Morning Coffee: HSBC decides it’s too much hassle to pay some people bonuses. Risky game at Barclays
HSBC is shifting away from discretionary bonuses towards fixed pay. The decision has some bonus-starved back-office employees up in arms.
HSBC is capping bonuses for thousands of operational staff globally to streamline remuneration, even as ex-CEO Stuart Gulliver is getting a cool $8.5m payout, a 7.2% pay raise, according to the FT. The bonus-streaming seems to be about making managers' lives easier: an HSBC insider said it's intended to “simplify” processes and free up management time.
The UK-headquartered bank, Europe’s biggest by assets, plans to restrict bonuses paid next year to junior employees within its back office by limiting payments to the equivalent of two-and-a-half months’ salary. It will increase the base salary for some staff starting next month “to ensure an appropriate balance between fixed and variable pay.”

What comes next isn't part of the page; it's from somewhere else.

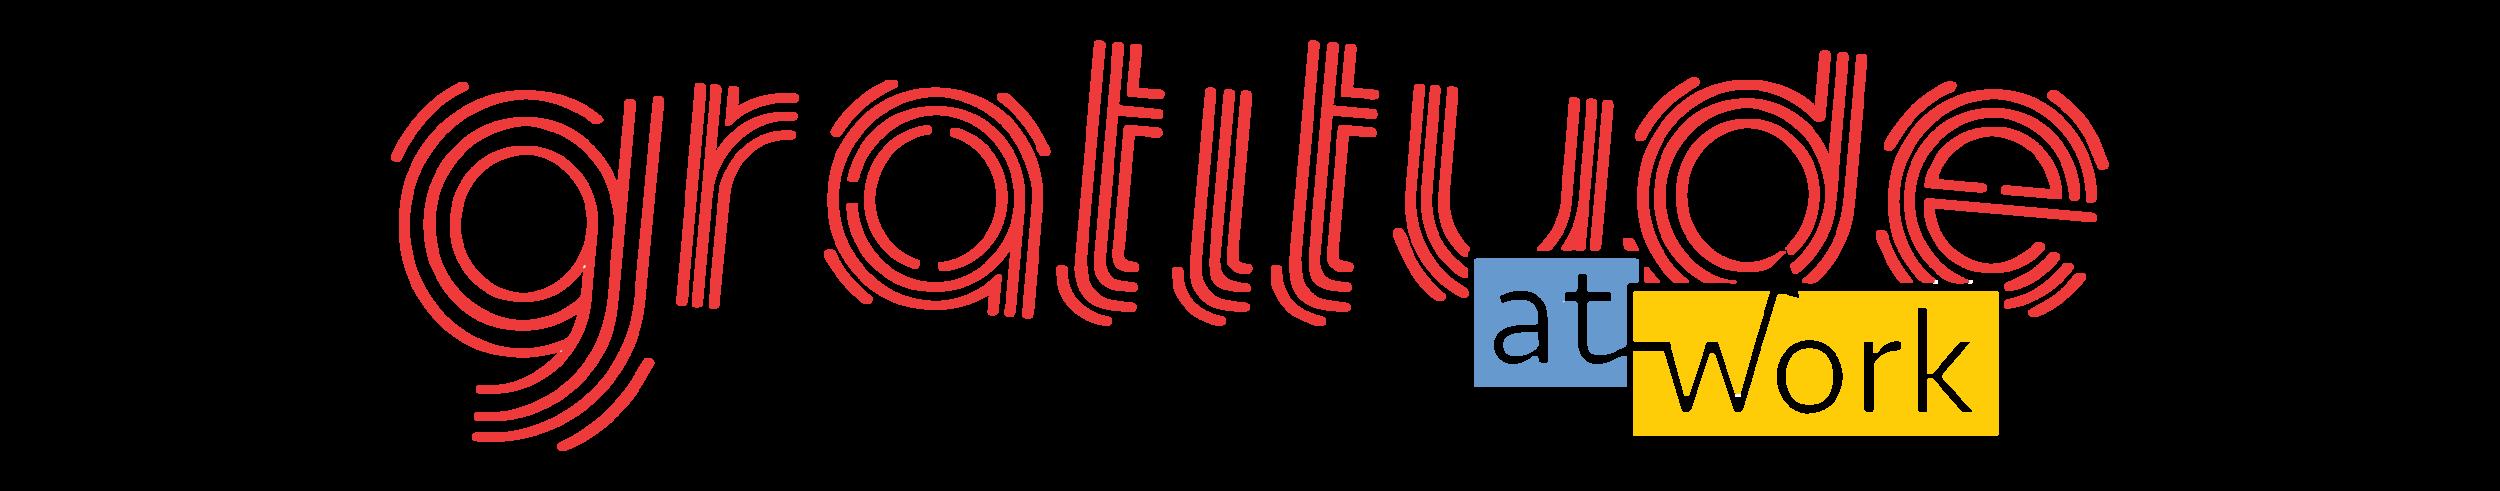 GaW_logo-01.png

Even though HSBC tried to assure employees that “this is simply a ‘rebalancing exercise,’” it’s a bit strange, because most banks do not have such caps for junior staff.
The number of full-time employees at HSBC at the end of last year amounted to 228,687, a decrease of 6,488 staff year-on-year.

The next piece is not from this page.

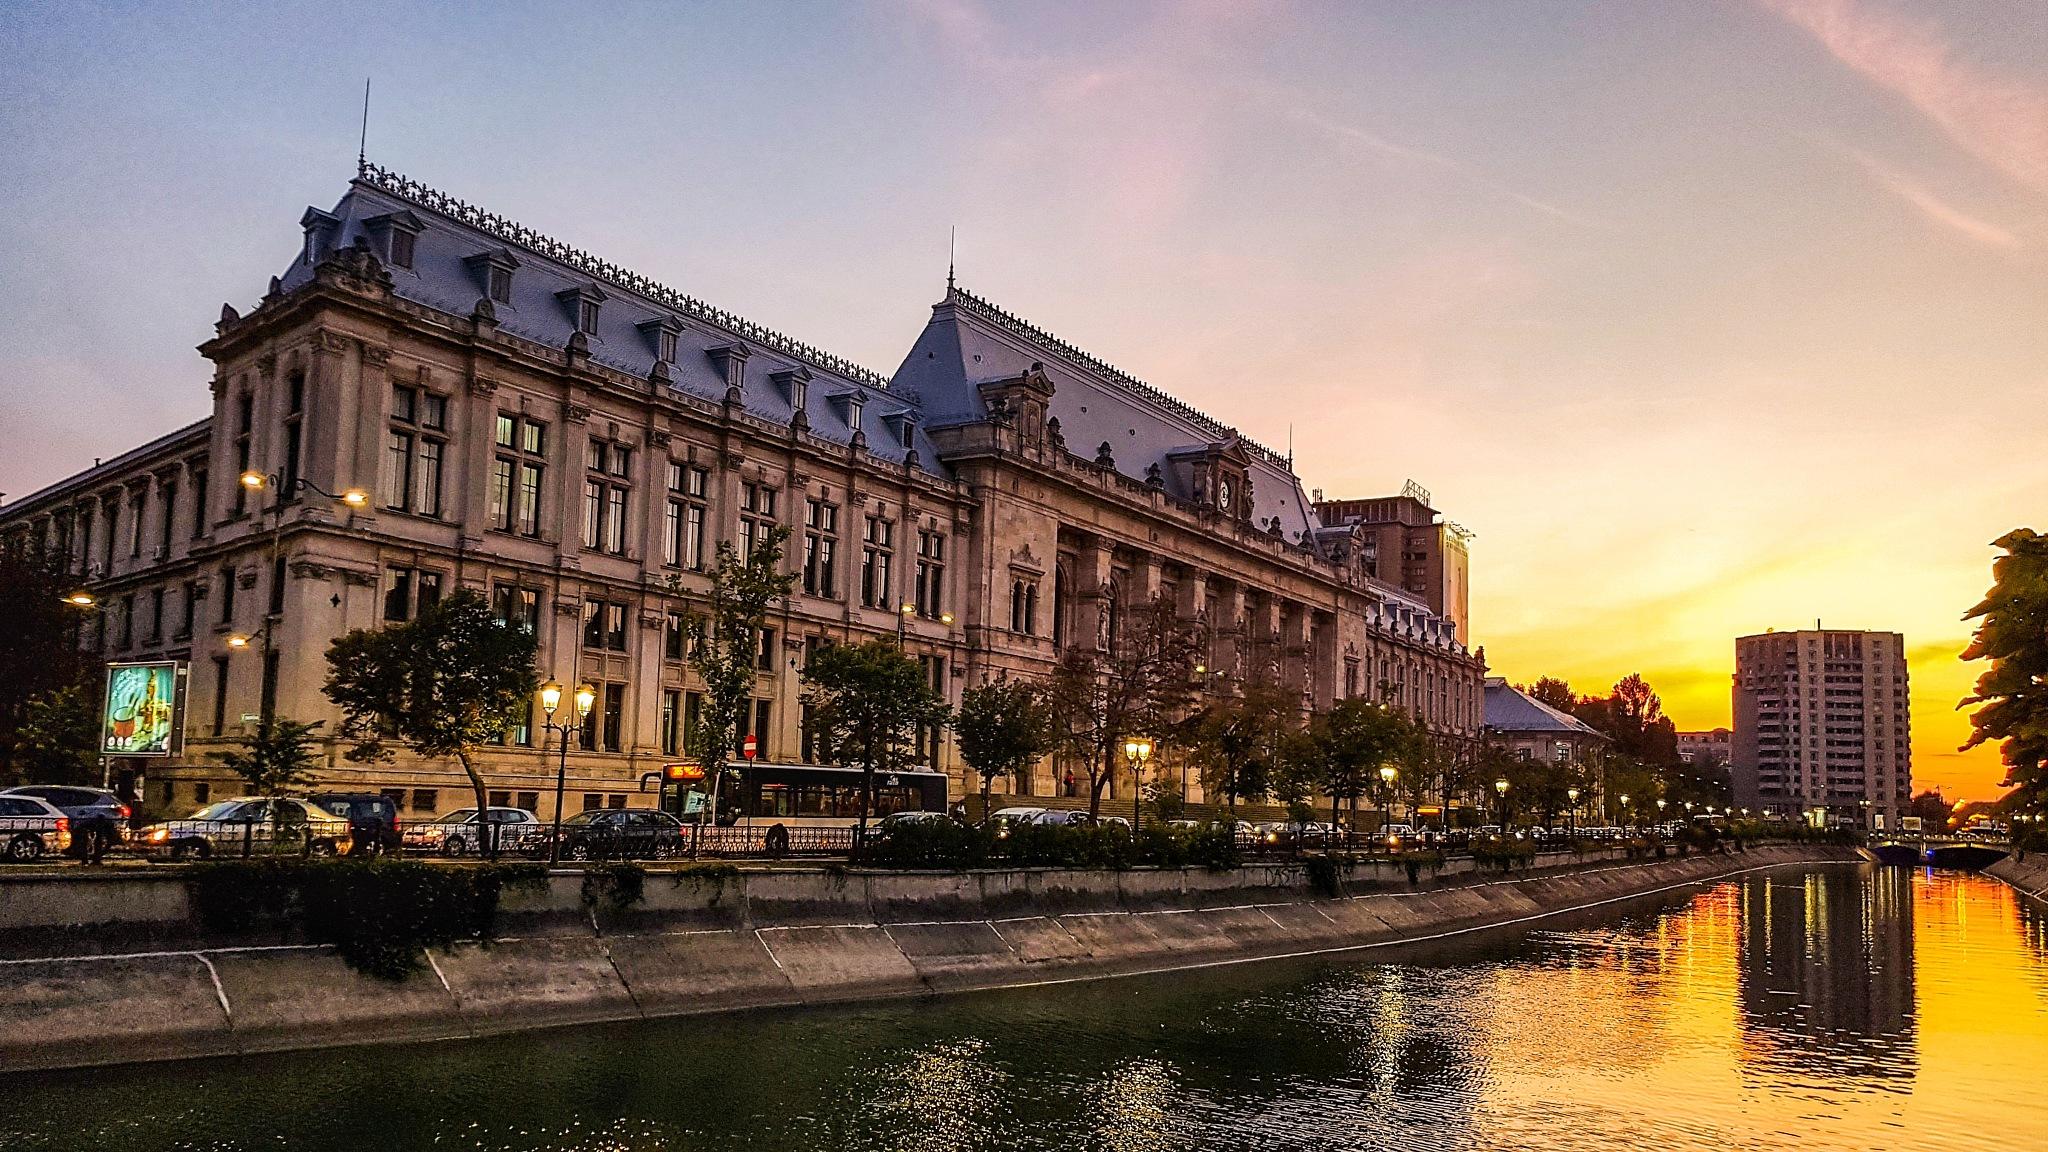 Bucharest old tribunal by Costin0509

However, it wasn't all bad news. The memo to staff comes a day after HSBC reported an 11% increase in annual pre-tax profit to $21bn thanks to strong loan growth, particularly in Asia. HSBC boosted its variable pay pool for all staff by almost 9% to $3.3bn for 2017. Of this, investment bankers received $1.1bn, an increase from $954m the previous year.
Separately, there’s been a bevy of Barclays news causing a wide range of reactions, but some employees are not happy, as the bank is playing a risky game.
Despite recent talk of dividends and share buybacks, Barclays has been stingy with shareholders for some time because huge costs potentially lurk from regulatory penalties for which it has no cushion. The bank has been battling fraud charges related to its 2008 capital raising and crisis-era mortgage-bond sales. Rivals such as Deutsche Bank made very large provisions before they settled their fines, but Barclays is heading to court with nothing put aside, according to the Wall Street Journal. That’s risky business, indeed.
People at Barclays earning over £1m ($1.4m) have 100% of their bonuses deferred, so they could lose a lot if these fines come through and Barclays' share price collapses.